2. Understand the Problem

Even before the unrest, Baltimore, like many urban centers, was troubled, explains Colin Wellenkamp, adjunct professor of public policy at Washington Adventist University (WAU) in Takoma Park, Md. From the 1960s through the 1980s, urban communities lost manufacturing jobs. Urban blight set in while businesses and professionals fled to the suburbs. Poverty, drugs and other social ills grew leading to a greater need for crime suppression.

According to the U.S. Census Bureau, nearly 25 percent of Baltimore City residents now live below the poverty level. Even the lack of a neighborhood supermarket can have a negative impact, Wellenkamp says. “If there are no resources in the community, the community starts to feel like it doesn’t matter,” he says. “The more abandoned [and] stressed the community feels, the worse the relationship with the police.”

Wellenkamp grew up two miles from Ferguson and has worked as a public interest advocate consultant for Baltimore, Philadelphia and Washington, D.C., fighting for appropriations and legislative issues on Capitol Hill.

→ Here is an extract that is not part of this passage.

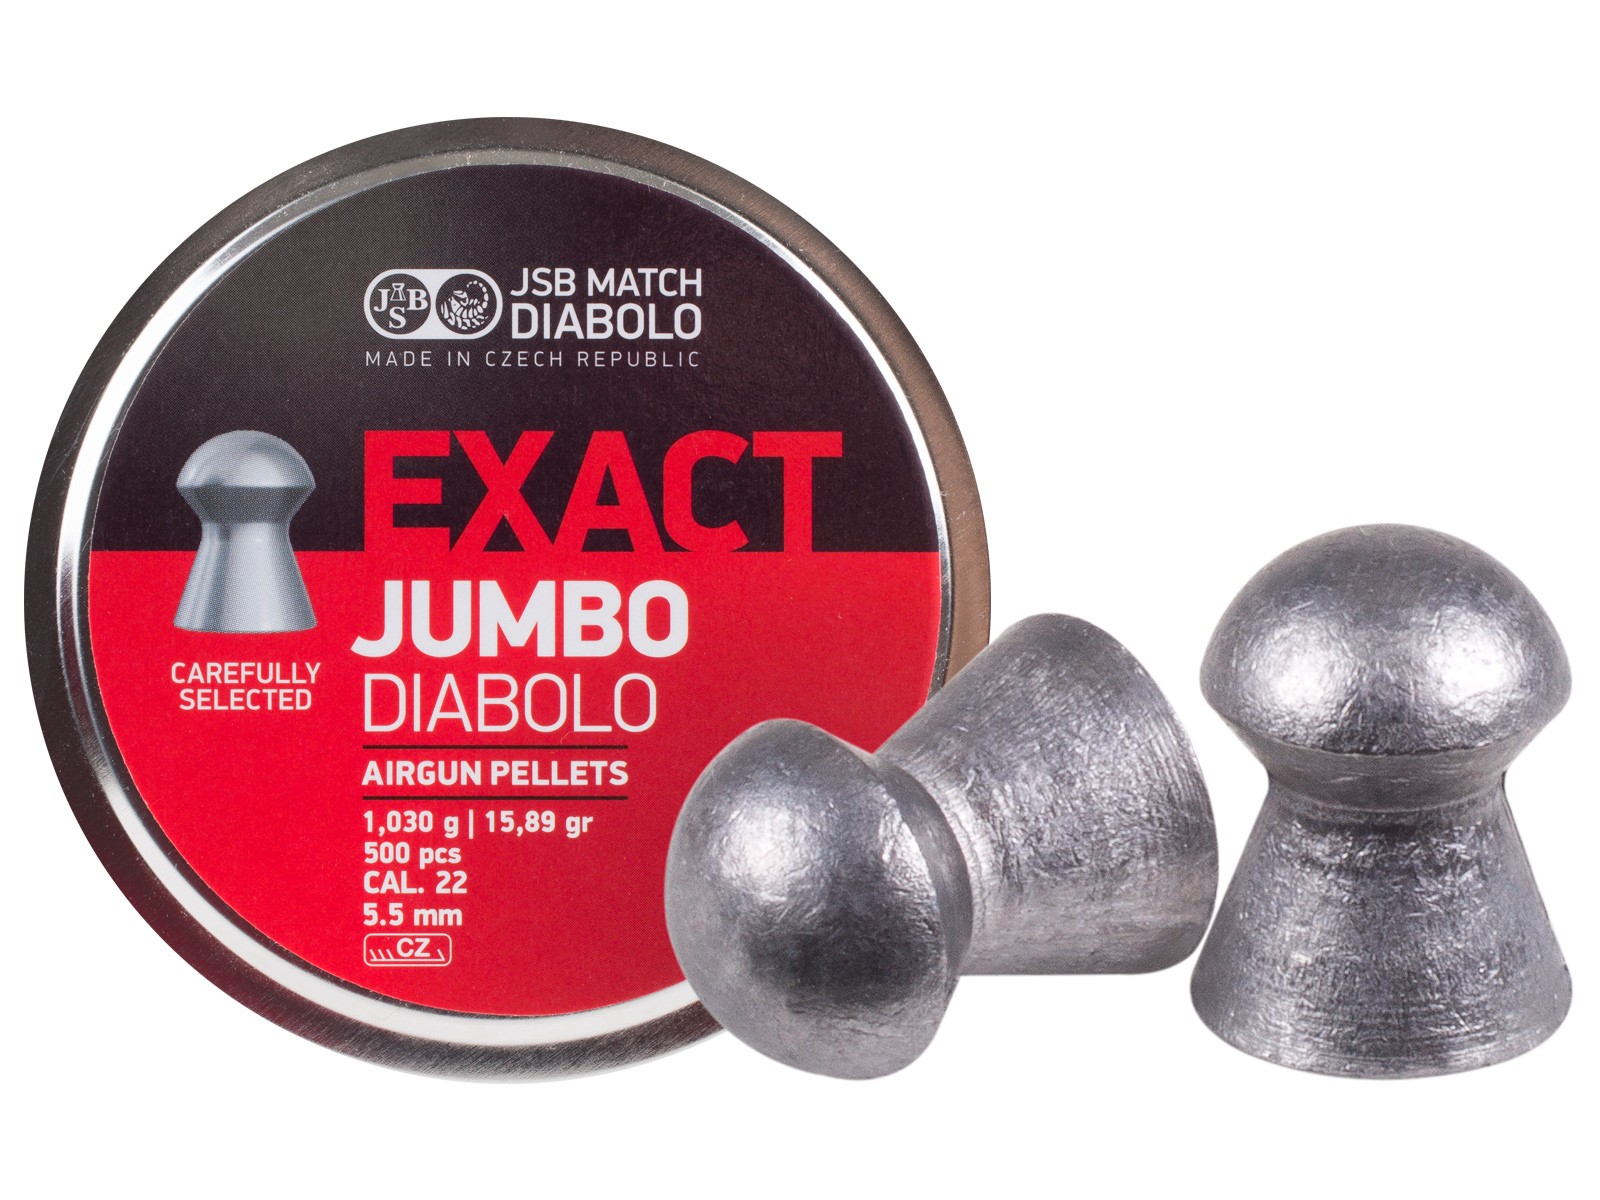 JSB Diabolo Exact Jumbo .22 Cal, 15.89 Grains, Domed, 500ct 0.22

He compares the social and economic environments in places like Baltimore to a room filled with gasoline—the spark that can ignite a community is its relationship with local police.

3. Find Solutions

Wellenkamp suggests a three-step process for improving police and community relations: hold police accountable through oversight technology, like body cameras; place greater emphasis on community policing programs that encourage officers to know the neighborhoods; and encourage municipalities, nonprofits—including religious organizations—and the private sector to work together to address social ills.

Pastor Taylor says AEC’s local churches are already helping and plan to develop a learning center. “If you teach people, you can help them realize they can do better,” he says. “You don’t have to have money to keep your community clean.”

Vincent Dehm, pastor of AEC’s Recreation church in Baltimore, says his congregation will offer a free martial arts summer camp for young people taught by a top athlete. “If there’s a 25-year-old in Park Heights, we can reach them by giving food, but we’re not going to have a vast impact on their life,” says Dehm. “But, if we have 100 kids who we can minister to for two hours a day, three days week, what kind of impact can we have?”

Celeste Ryan Blyden, union vice president for strategic communication and public relations, reports that the union executive committee in May voted to host a summit later this year to assess needs in the 10 major cities located within its territory. “We need to ask how we can come alongside our churches and ministries to create dialogue and partnerships that address current realities and challenges and make a transforming impact,” she says.

4. Join the discussion

WAU held a Summit on Race and Justice in March to start a dialogue not often broached from the pulpit. The forum, hosted by the university’s Center for Metropolitan Ministry and Center for Law and Public Policy, dealt with the issues in a constructive manner.

“The oppression is real and the frustration is understandable,” says John Gavin, director for the Center for Metropolitan Ministry. “We have to work at understanding all the forces that make people angry and feel down and out.” He adds that people have to try not to alienate one another. “Basically the way to improve race relations is to interact more,” he says.

Potomac’s Restoration Praise Center in Bowie, Md., also hosted a forum in April titled Social Justice and the Seventh-day Adventist Church. Dwayne Leslie, director of legislative affairs for the General Conference and discussion moderator, says Micah 6:8 instructs Christians to take moral high ground on social issues. “Let’s keep the conversation going,” he says. “The goal is to not be political, but there’s nothing wrong with helping our fellow man.”